On Tuesday, in his acceptance speech after reelection to a second term, U.N. Secretary General Ban Ki-moon said that, "as never before, the U.N. is on the front lines protecting people and also helping build the peace" in Afghanistan, among other places.
And Georgette Gagnon, the human rights director of the U.N. Assistance Mission in Afghanistan (UNAMA) said this week that "more civilians were killed in Afghanistan in May than in any other month since 2007, raising fears of a further escalation during the summer with serious humanitarian implications."
In the wake of the death of Osama Bin Laden, there were revenge attacks around Afghanistan.
"We are very concerned about the escalation of fighting this summer," Mohammad Hashem Mayar, deputy director of the Agency Coordinating Body for Afghan Relief (ACBAR), said, noting that the violence could affect their distribution of relief to civilians.
U.N. analysts believe that the more the U.N. stays involved in Afghanistan's reconstruction, the easier it will be for the U.S. to get out.
In addition to aiding the hampered efforts to deliver humanitarian aid, the U.N. Security Council this week shored up the Afghan government's program to reconcile with the Taliban by agreeing to lift sanctions on members of the Taliban's militia if they renounce terror.
The unanimous vote by the Security Council, led by the U.S., adopted two resolutions that separate the Taliban and al Qaeda in the enforcement of sanctions - including the assets freeze, arms embargo and the travel ban - and which remove some names, including several members of Afghanistan's High Peace Council, from the list.
The Obama administration's U.N. Ambassador Susan Rice said that the U.N. action sends a "clear message to the Taliban that there is a future for those who separate from al Qaeda, renounce violence and abide by the Afghan constitution."
But there is a long road to recovery in Afghanistan, where the drug trade still thrives.
The 2011 World Drug Report, to be released by the United Nations Office on Drugs and Crime (UNODC) on Wednesday, does not paint a pretty picture of Afghanistan. Although global opium production declined during the last three years, that trend is unlikely to continue and preliminary findings are that Afghan opium production will probably bounce back in 2011.
Additionally, the price of the drug has increased, meaning that opium has become a lifeline to the Afghan economy. UNODC has focused on Herat, Farah, Nimroz, Ghor and Kandahar with the effort to contain opium cultivation and instability.
"We can definitely see a record profit in this harvest," said the UNODC's country office representative in Afghanistan, Jean-Luc Lemahieu.
The UNODC's 2010 report noted that "Poverty and violence are usually portrayed as the biggest challenges confronting Afghanistan.

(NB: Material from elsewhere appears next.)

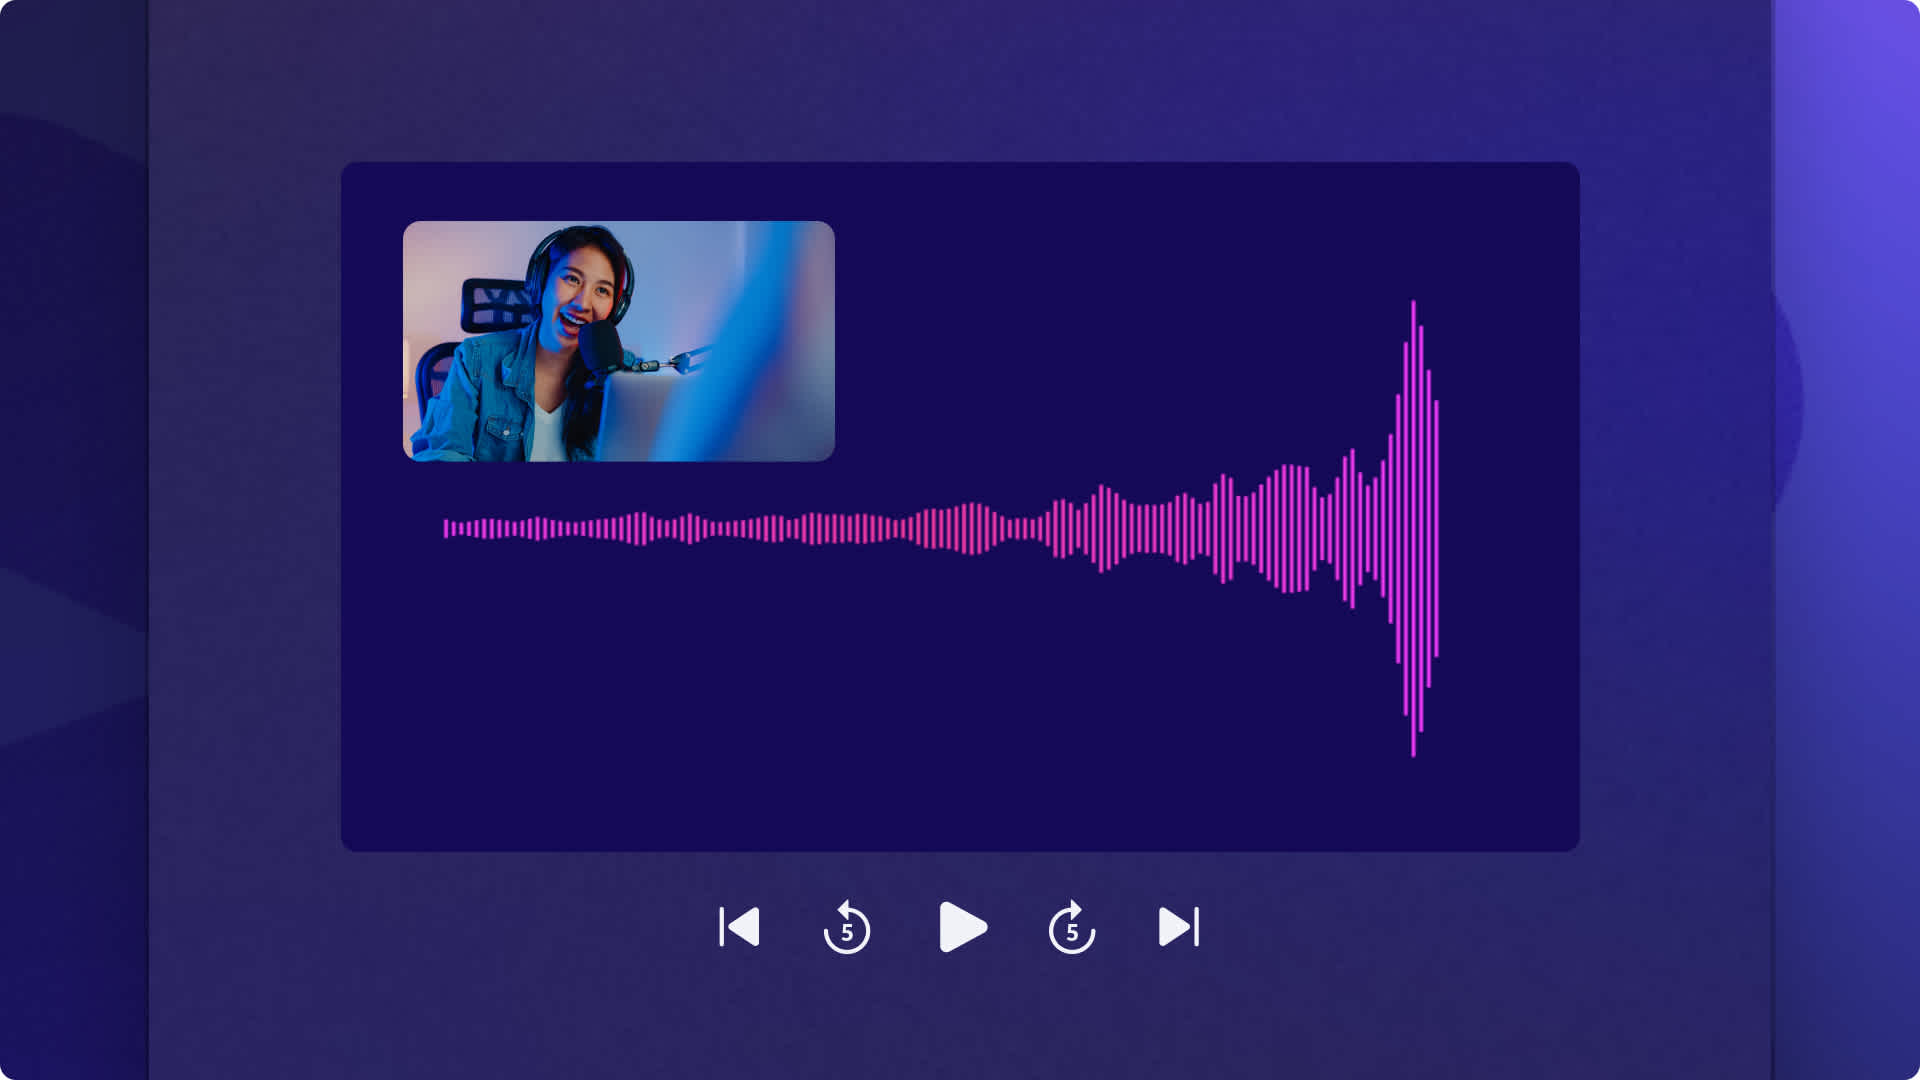 Voice visualizer example in Clipchamp

But ask the Afghans themselves, and you get a different answer: corruption is their biggest worry."
"For an overwhelming 59 percent of the population, the daily experience of public dishonesty is a bigger concern than insecurity (54 percent) and unemployment (52 percent)," said Antonio Maria Costa, Executive Director of the UNODC.
As far as the direction and oversight of all U.N. relief, recovery and reconstruction activities in Afghanistan, UNAMA is at the forefront, and their "Relief, Recovery and Reconstruction" program is aimed at coordinating the humanitarian development activities of U.N. agencies with an emphasis on five main sectors in Afghanistan: agriculture, energy, private sector development, capacity building, and higher education and vocational training.

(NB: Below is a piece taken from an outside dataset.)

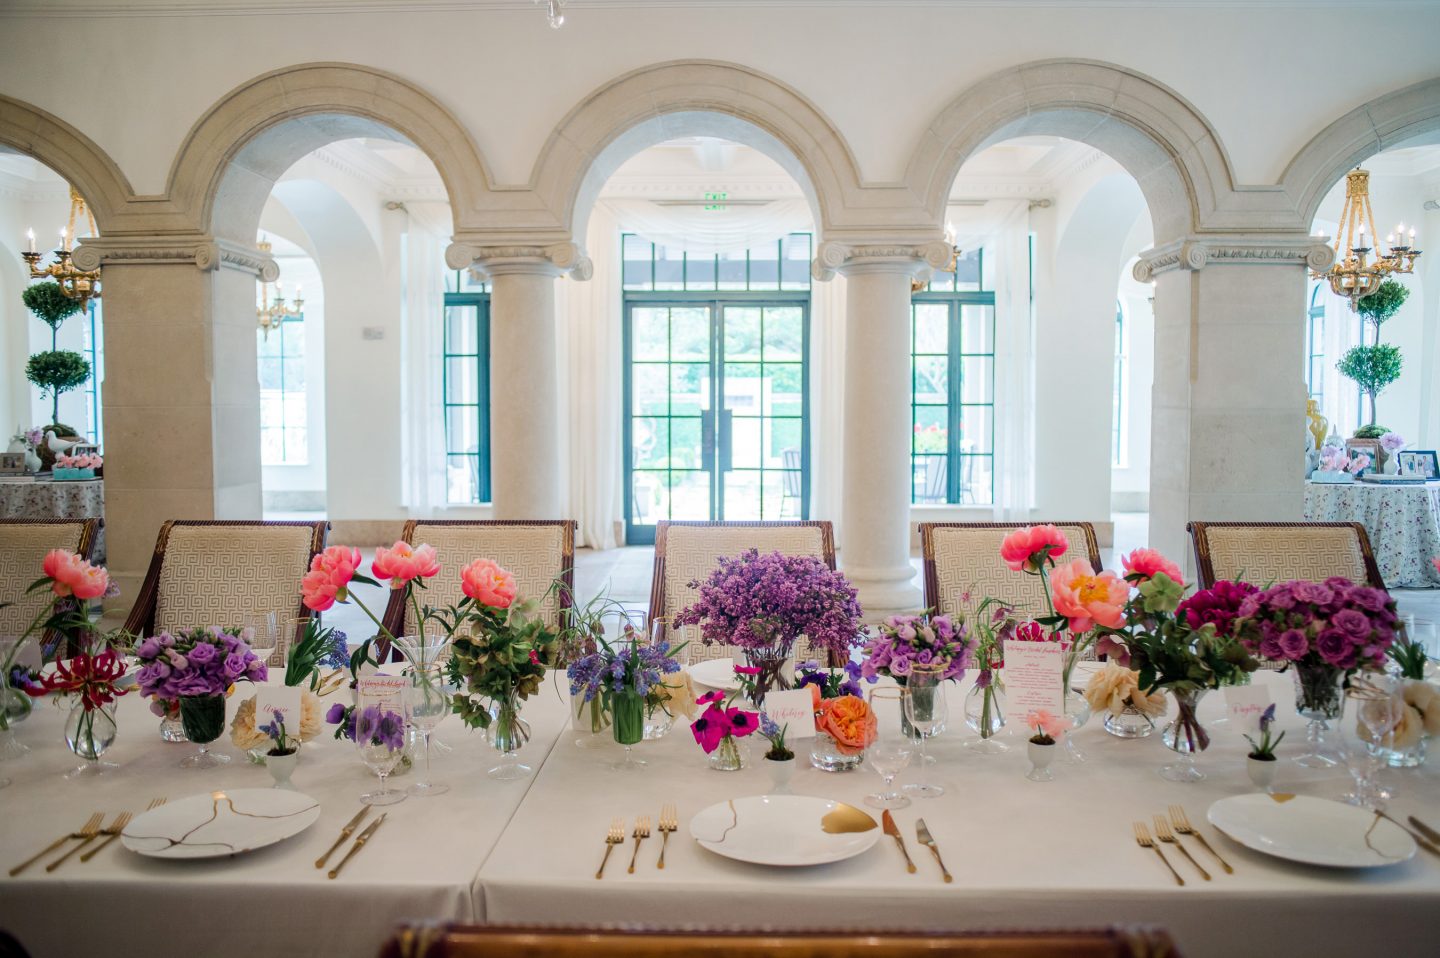 Floral table decor at Sea Island wedding weekend in Georgia, USA | Photo by Liz Banfield

Their human rights unit was mandated by the Security Council to assist Afghanistan's institutions, hampered by violence in their efforts to deliver essential services, security and justice in Kabul, Mazar-i-Sharif, Kunduz, Herat, Bamyan, Kandahar, Jalalabad and Gardez.
The United Nations World Food Programme (WFP) also launched a food voucher project in eastern Afghanistan, distributing monthly food vouchers to families in Jalalabad.
President Obama's mandate - while announcing a drawdown of troops to the American public, which is divided on the war and concerned about the human and economic costs - will need to explain how Afghanistan will stabilize. The U.N. is certainly offering to bear some of the weight, but the challenge will be for the international community to shore up its efforts.